‘Mutilated’ trees outrage property owner

Winnebago retiree Tony Jardine lives on 5 quiet acres lined by Colorado spruce trees. Some of those trees, Jardine says, are 30-40 years old and up to 70 feet high.

Jardine explained ComEd has routinely trimmed any branches coming too close to power lines on his property, and that they’ve always taken care to preserve the beloved trees.

Jardine reports, however, crews did not extend such consideration during their most recent trimming visit.

The workers, according to Jardine, did not use cherry-pickers to prune branches away from lines, as has been standard in the past. Jardine was infuriated to discover the crew was simply cutting down the towering trees with chainsaws.

“I think they could take a little more care of cutting trees instead of butcherin’ ’em up,” Jardine said. “If we were gone for two or three days, I’ll betcha that these trees would have been all cut down.”

Luckily for Jardine, that was not the case, and he was able to intervene, bringing work to a halt.

According to ComEd spokesman Paul Callighan, sub-contractors now handle tree-trimming for the utility company.

After Jardine stepped in to stop the workers, he stated a ComEd representative, accompanied by the crew’s supervisor, came to examine the handiwork.

“They were flabbergasted,” Jardine said of their reaction.
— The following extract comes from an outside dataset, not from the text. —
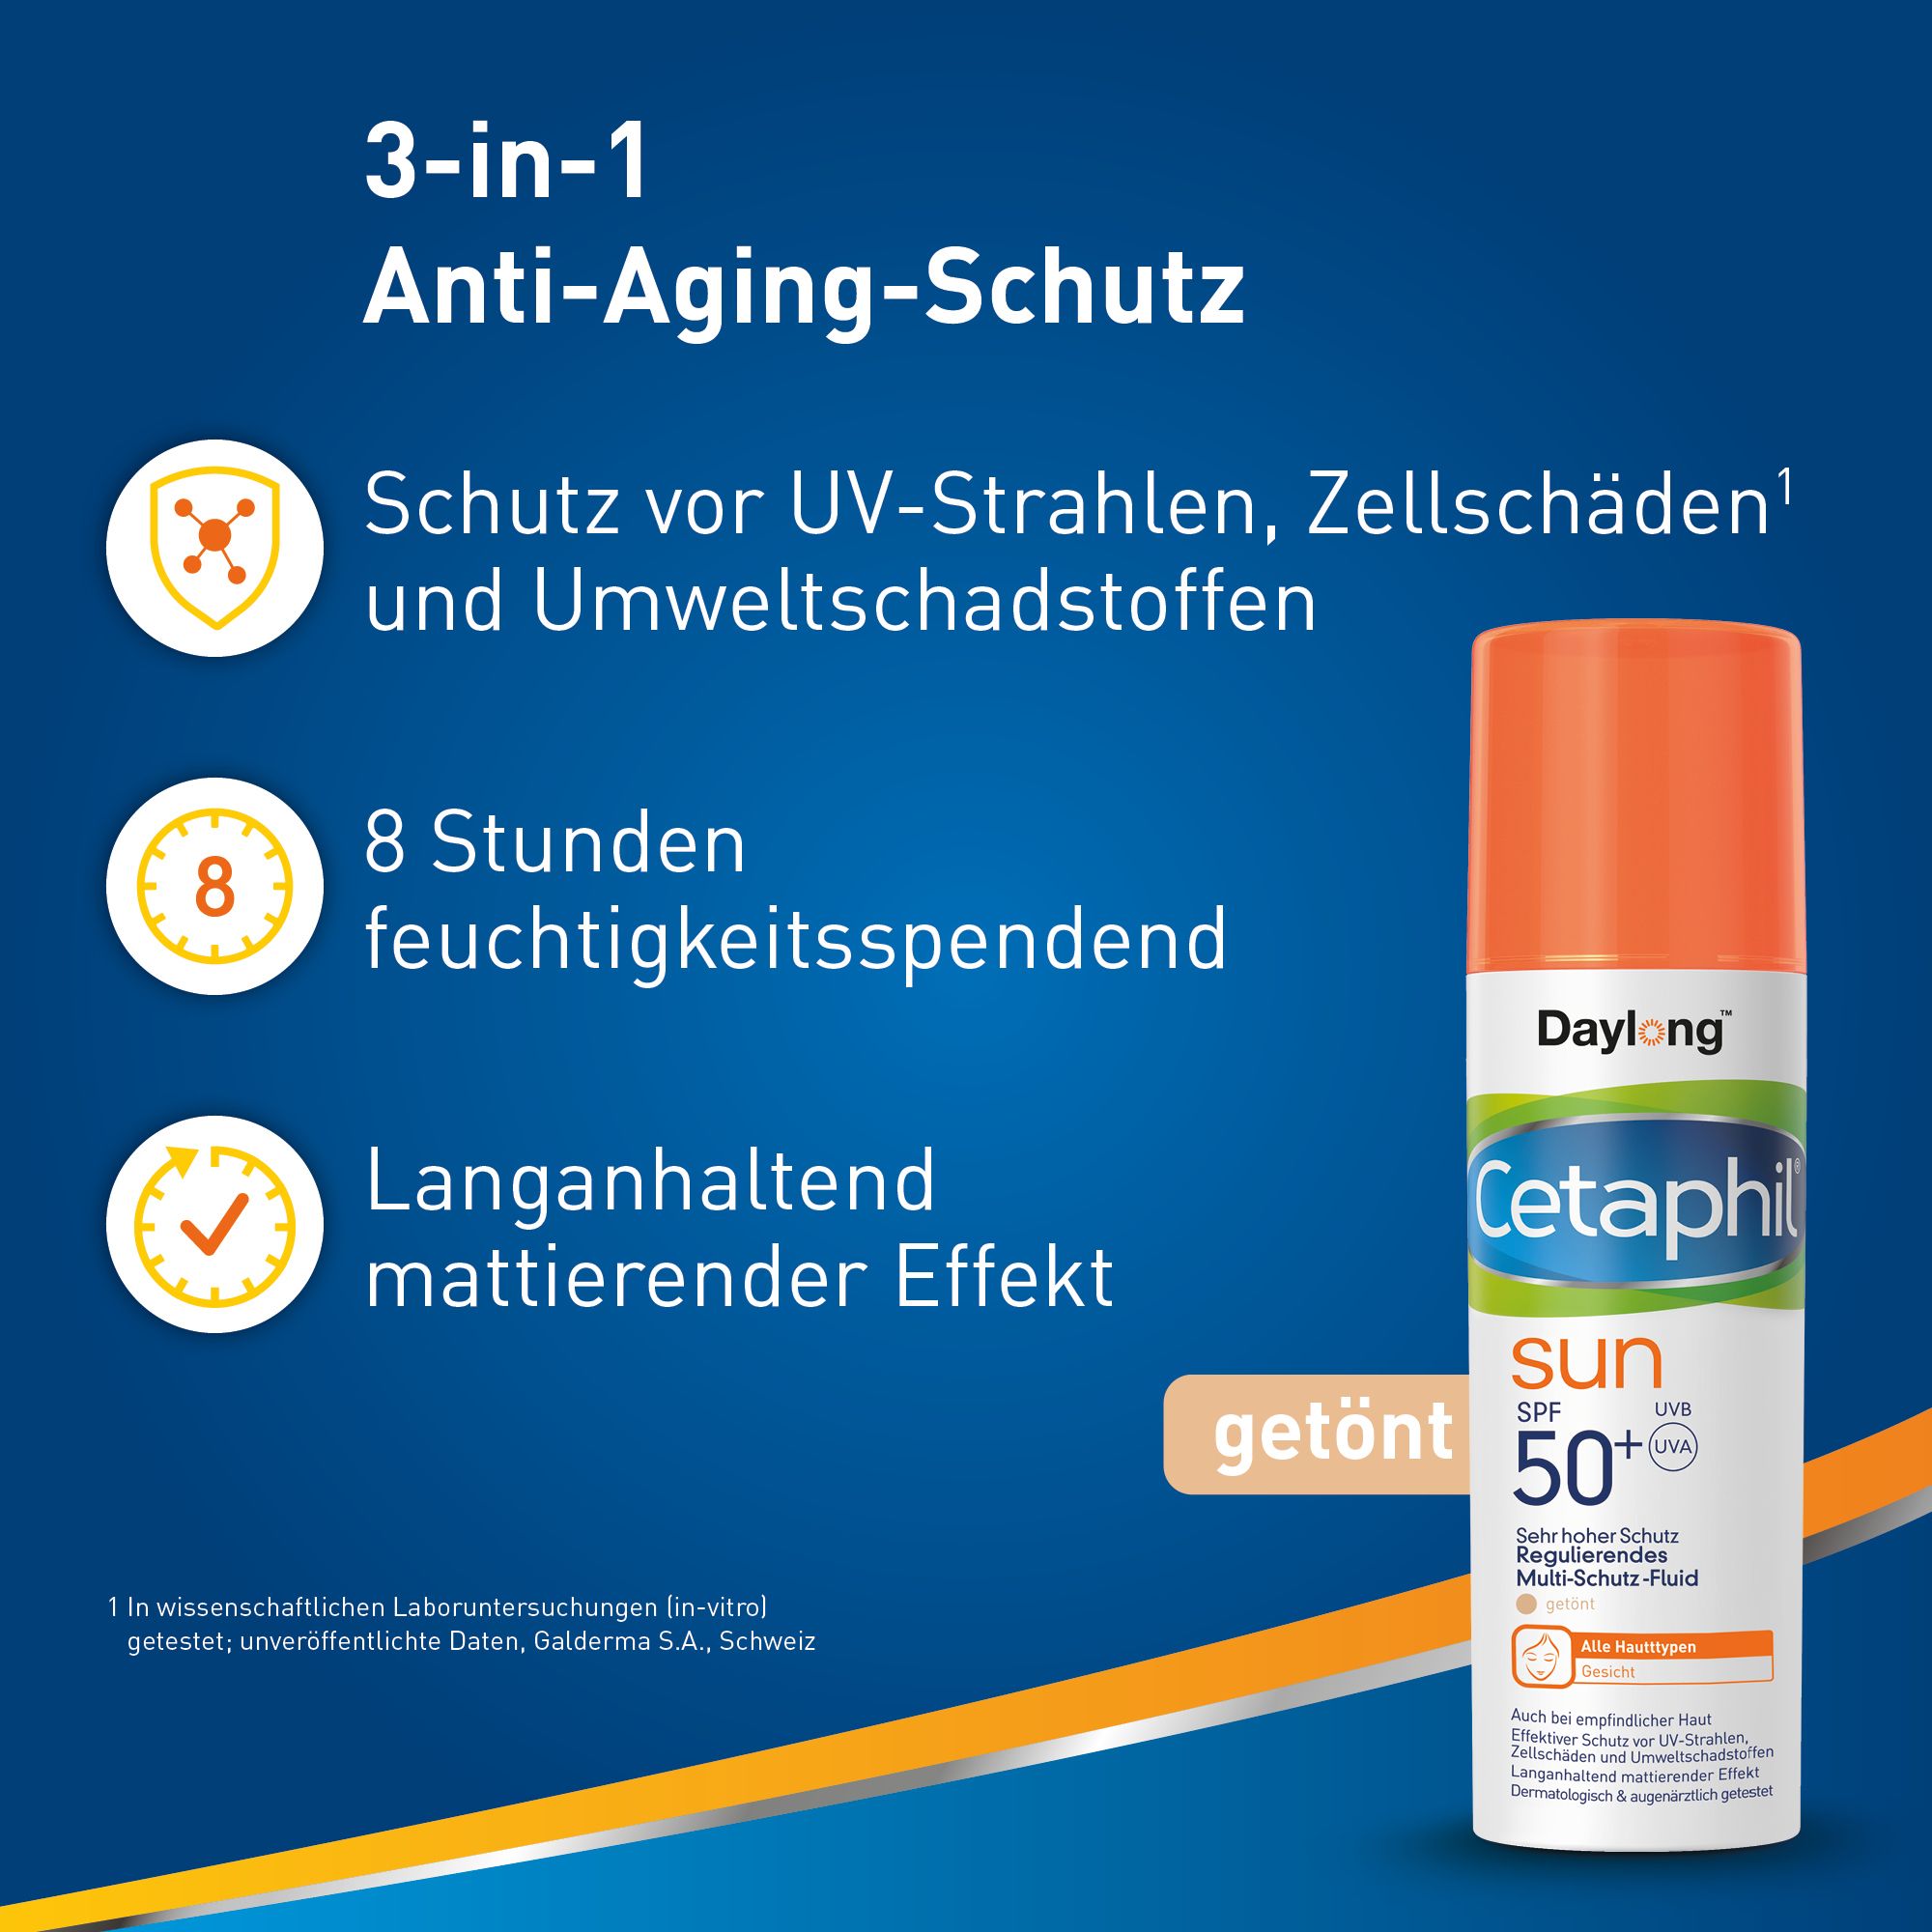 CETAPHIL SUN Regulierendes Multi-Schutz-Fluid SPF 50+ Getönter Anti-Aging-Schutz

“The ground where the pine trees are located was too soft for use of a bucket truck,” Callighan responded. “A manual crew was sent to do the necessary tree trimming. Because of concerns about the extent of the tree trimming, discussions were held with the property owner on Friday, and it was agreed trimming could be delayed until the ground is more firm. A bucket truck will be brought in, and less trimming will occur than with the manual method.”
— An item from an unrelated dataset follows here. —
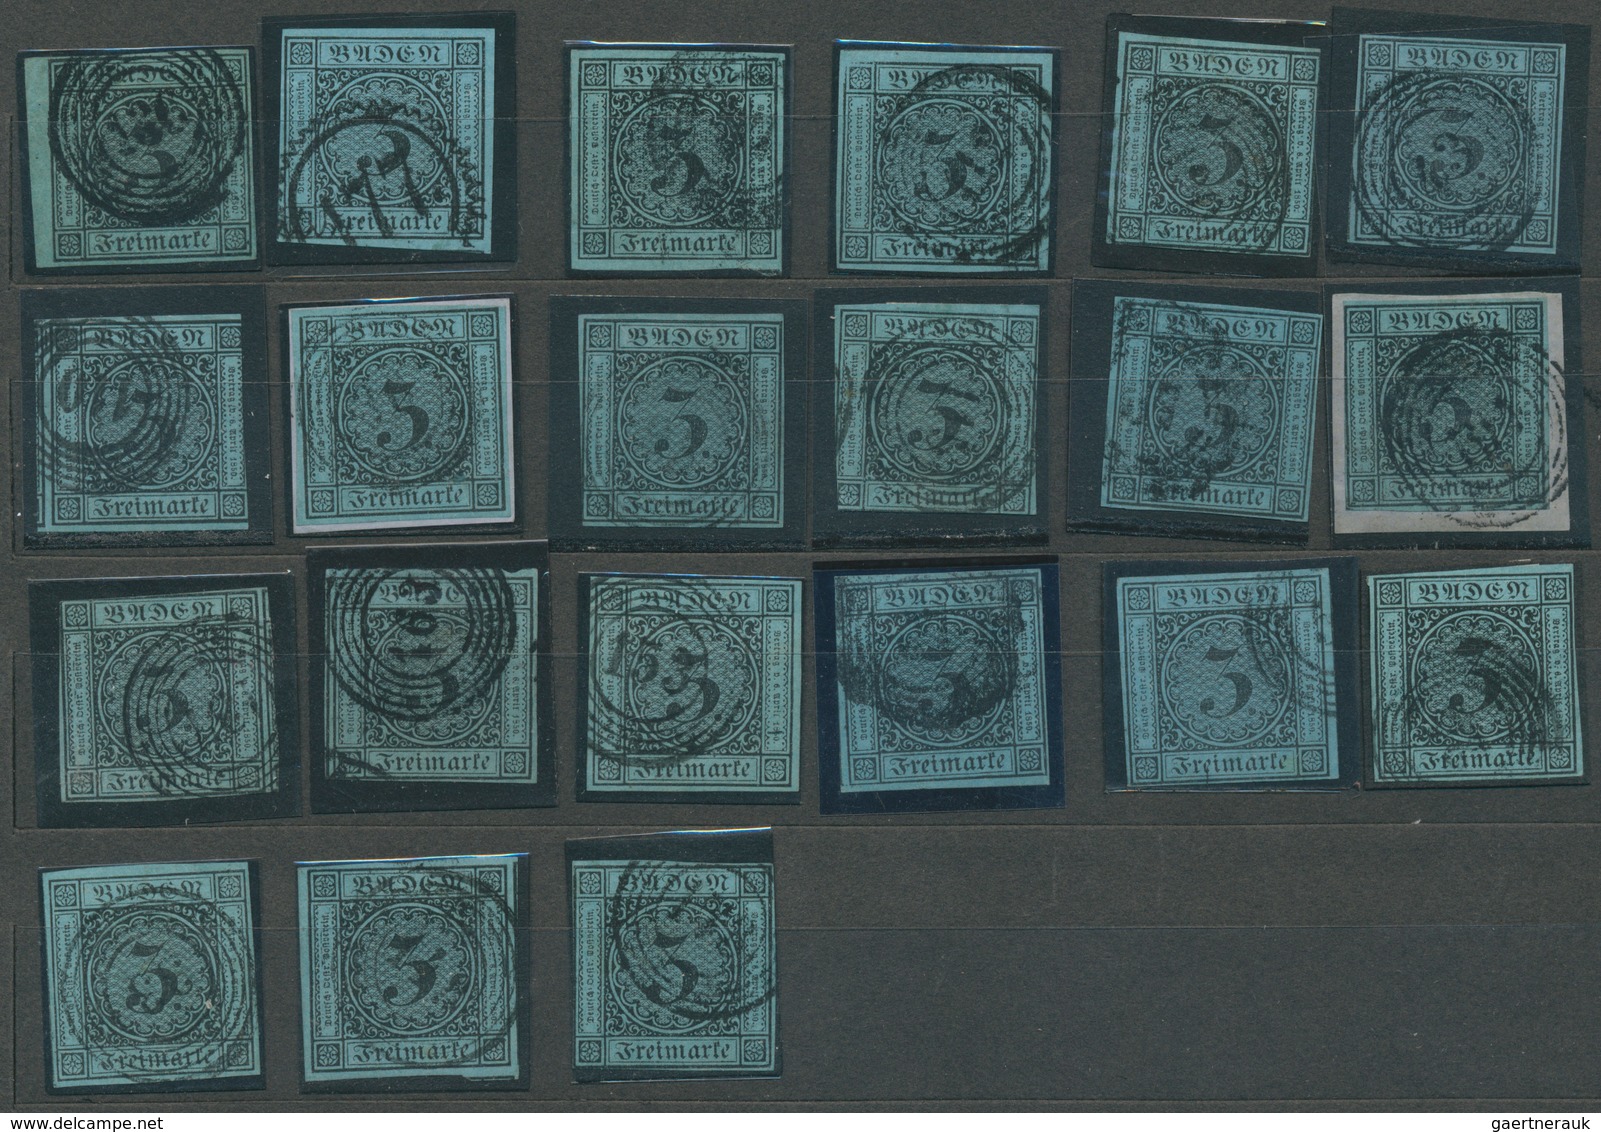 31182 Baden - Marken und Briefe: 1851/67, Umfangreicher Posten von fast fünfzig großen Steckkarten (meist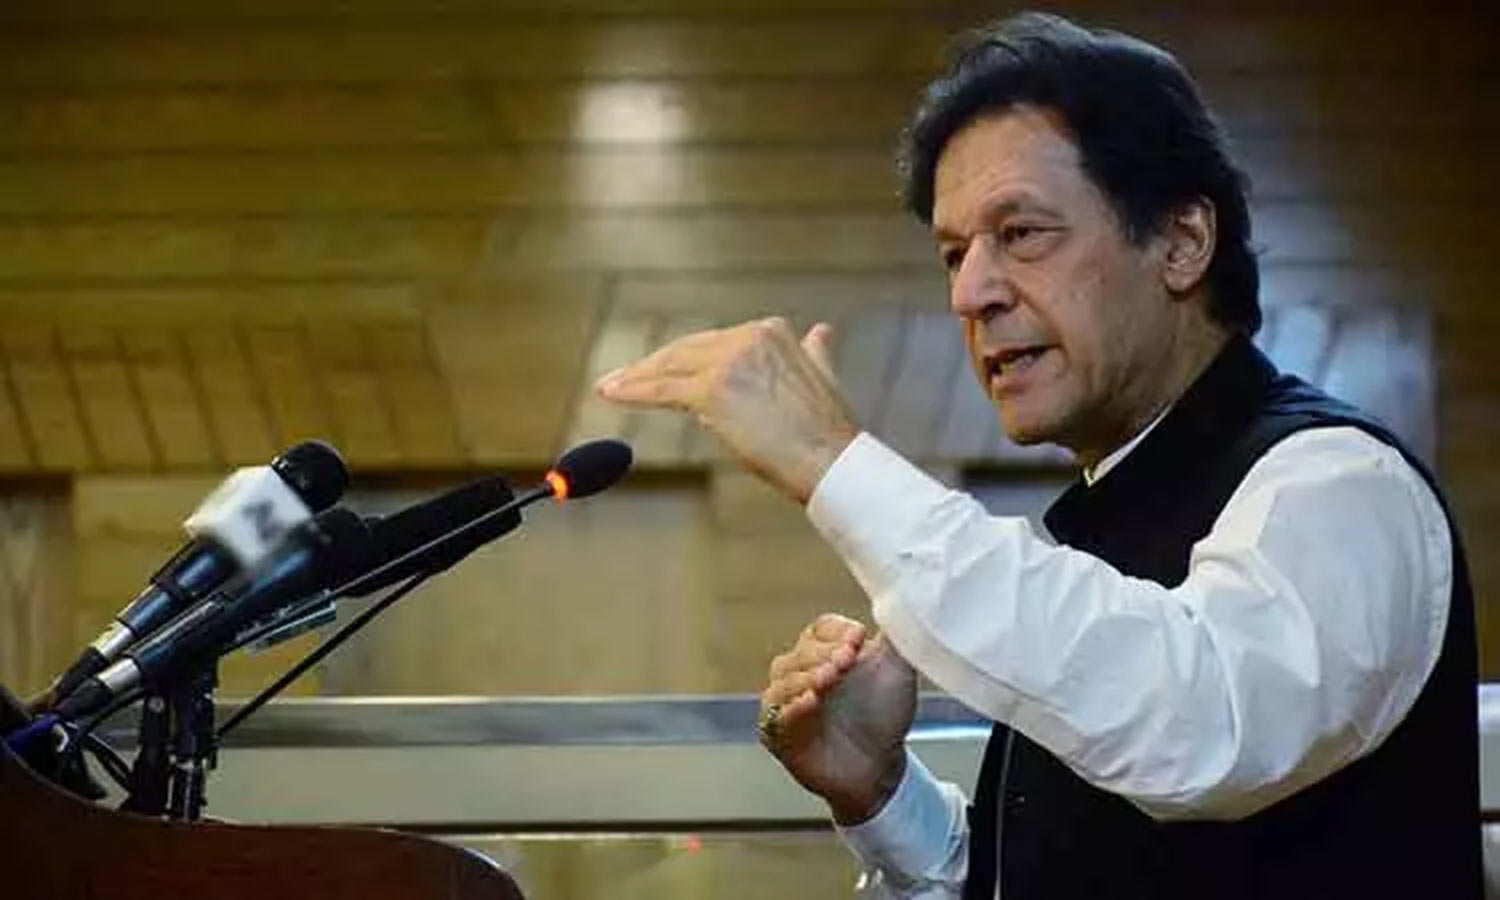 Imran Khan memperingatkan konflik yang belum pernah terjadi sebelumnya

Callighan said the trimming will probably occur in November.

Although he has received little consolation for the trees he lost, Jardine says he’s been assured a supervised crew will return with cherry-pickers to perform the work properly.

According to the Illinois Association of Park Districts’ Web site, one tree’s contribution over 50 years in controlling air pollution, soil erosion, soil fertility, recycling water and humidity is worth a total of $196,250. National Arbor Day is April 25.